• [Your goal] Output only the lines below from the one holding "Louis Vuitton Reporter PM Xbody" down to the one holding "Morocco high atlas", both end lines included and every picture dropped.

• [Data for this task]
= = =

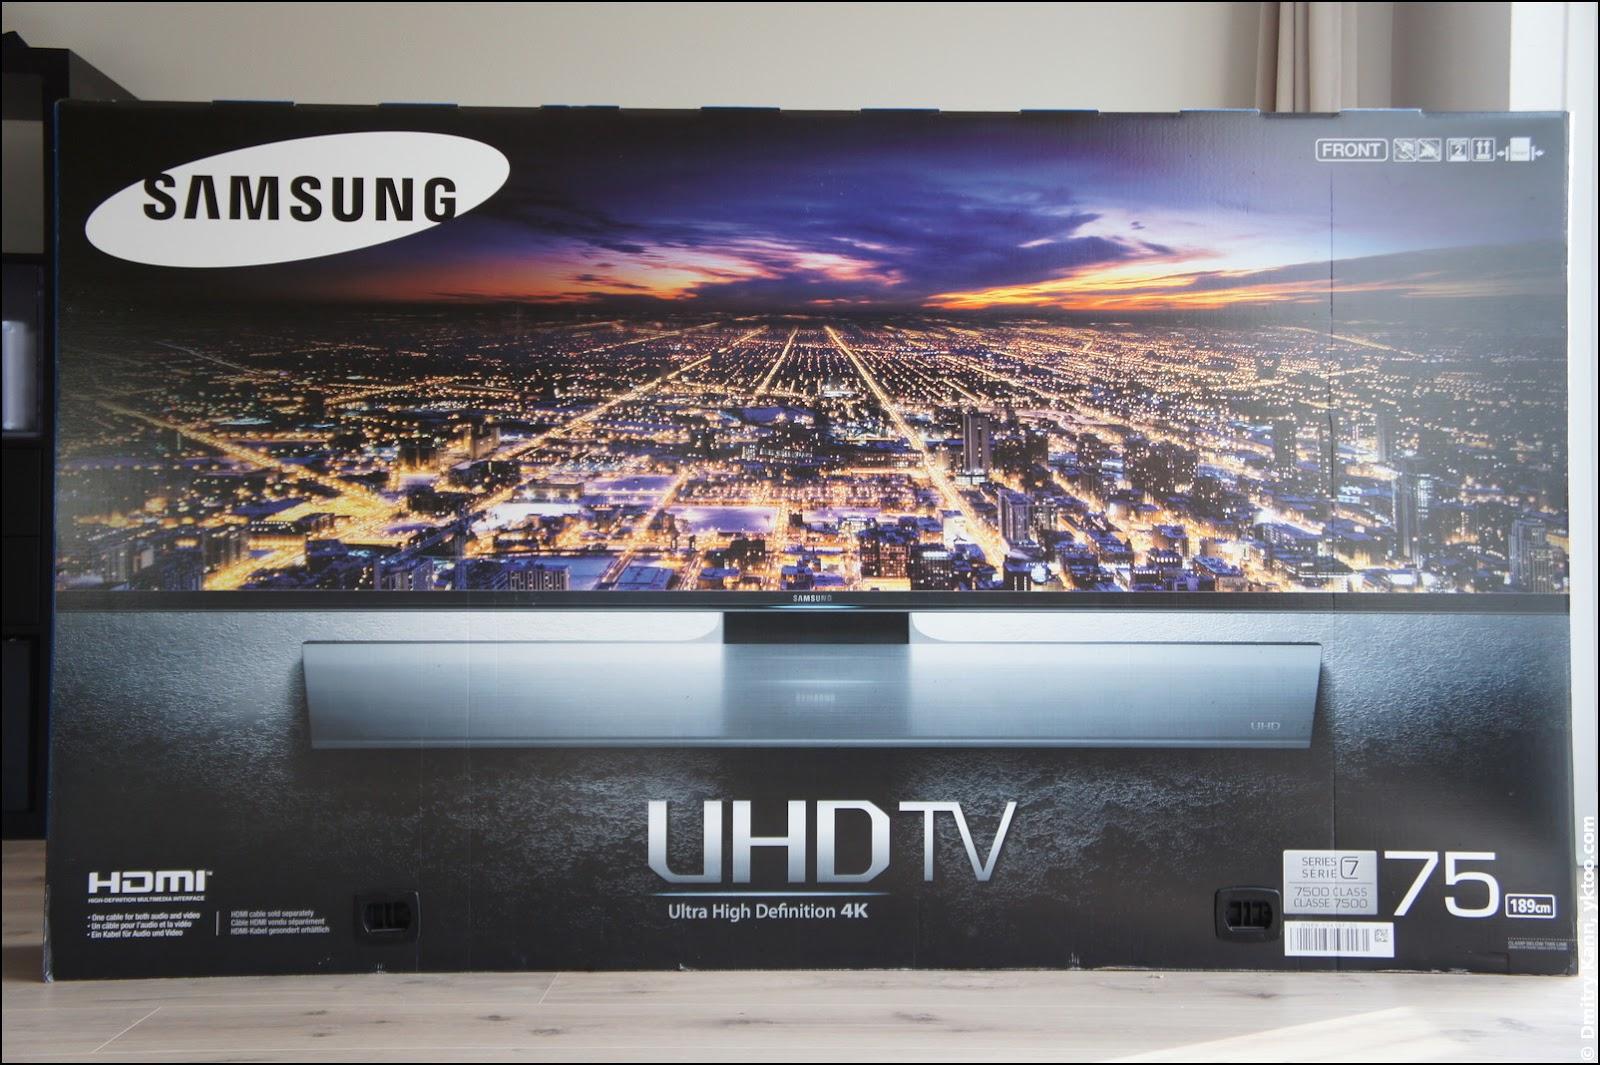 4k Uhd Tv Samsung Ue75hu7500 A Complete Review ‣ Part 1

= = =

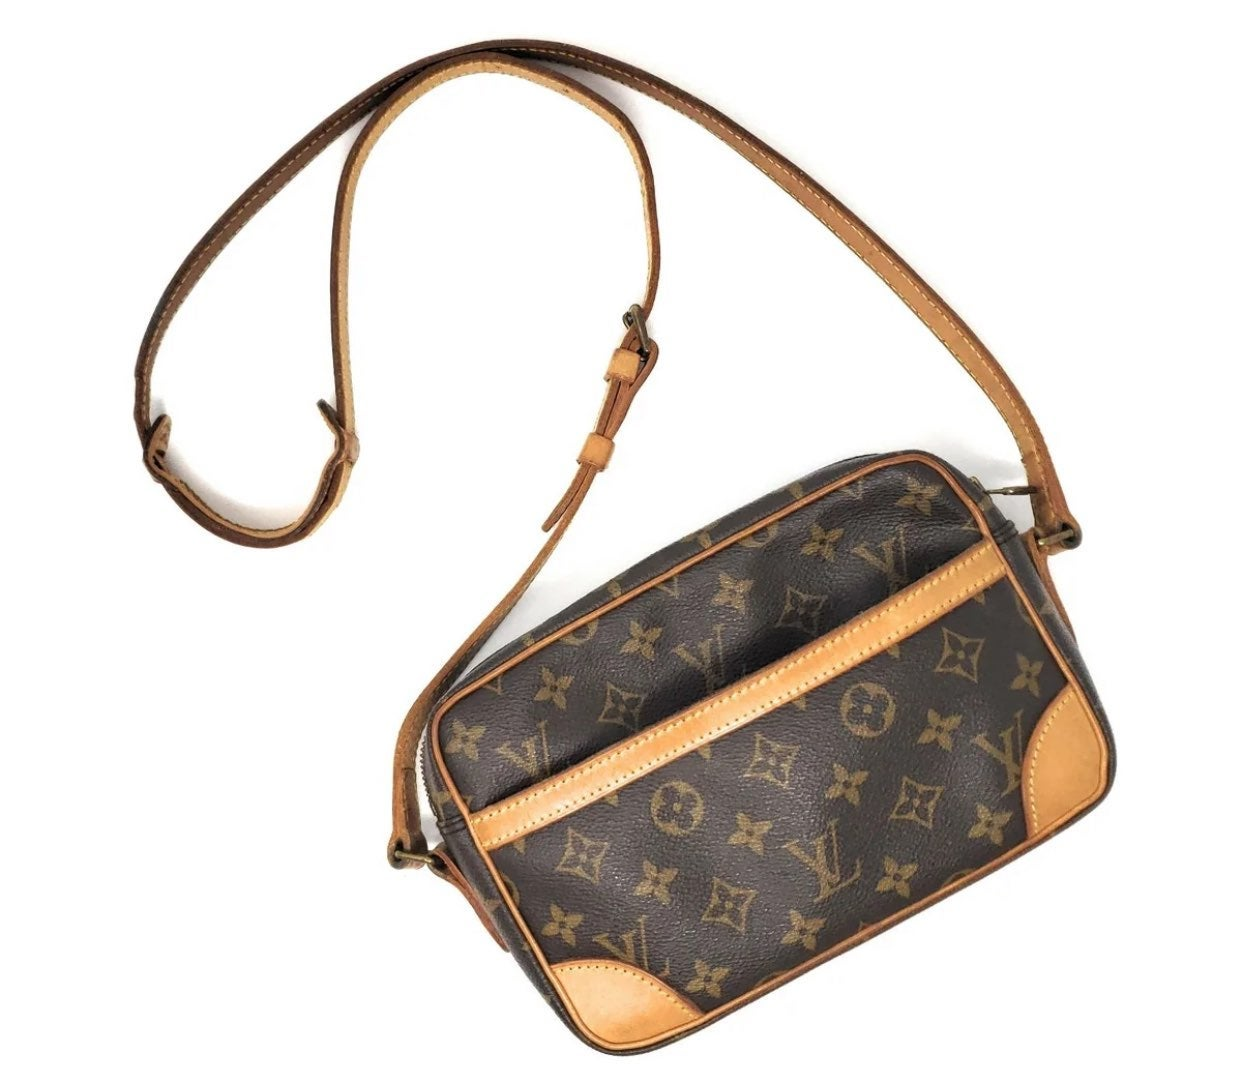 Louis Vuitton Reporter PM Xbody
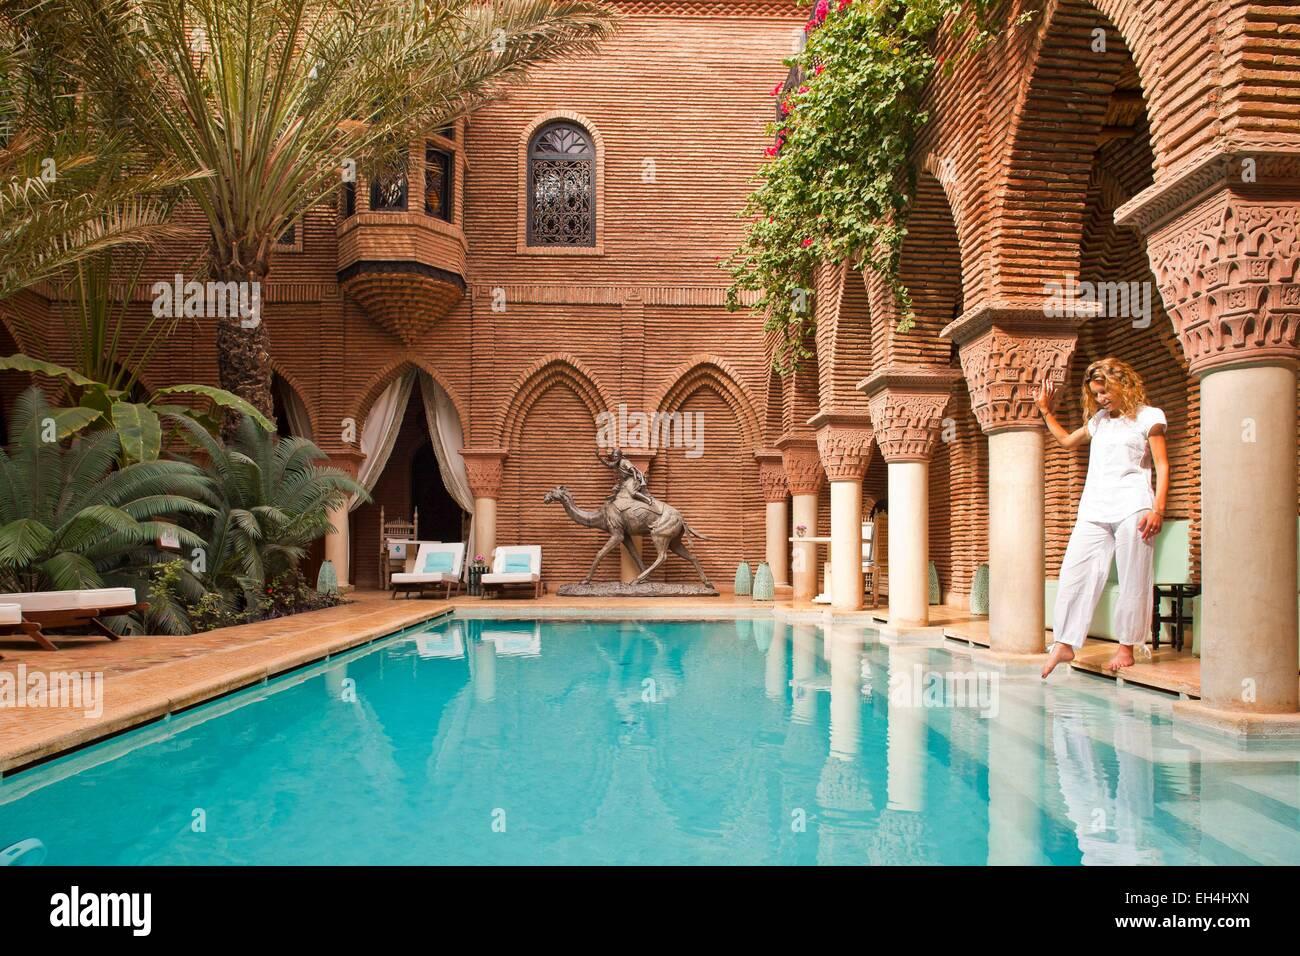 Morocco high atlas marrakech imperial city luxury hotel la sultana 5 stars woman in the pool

= = =

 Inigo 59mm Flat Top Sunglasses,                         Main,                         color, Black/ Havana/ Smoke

= = =

• [The answer]
 Louis Vuitton Reporter PM Xbody
 Morocco high atlas marrakech imperial city luxury hotel la sultana 5 stars woman in the pool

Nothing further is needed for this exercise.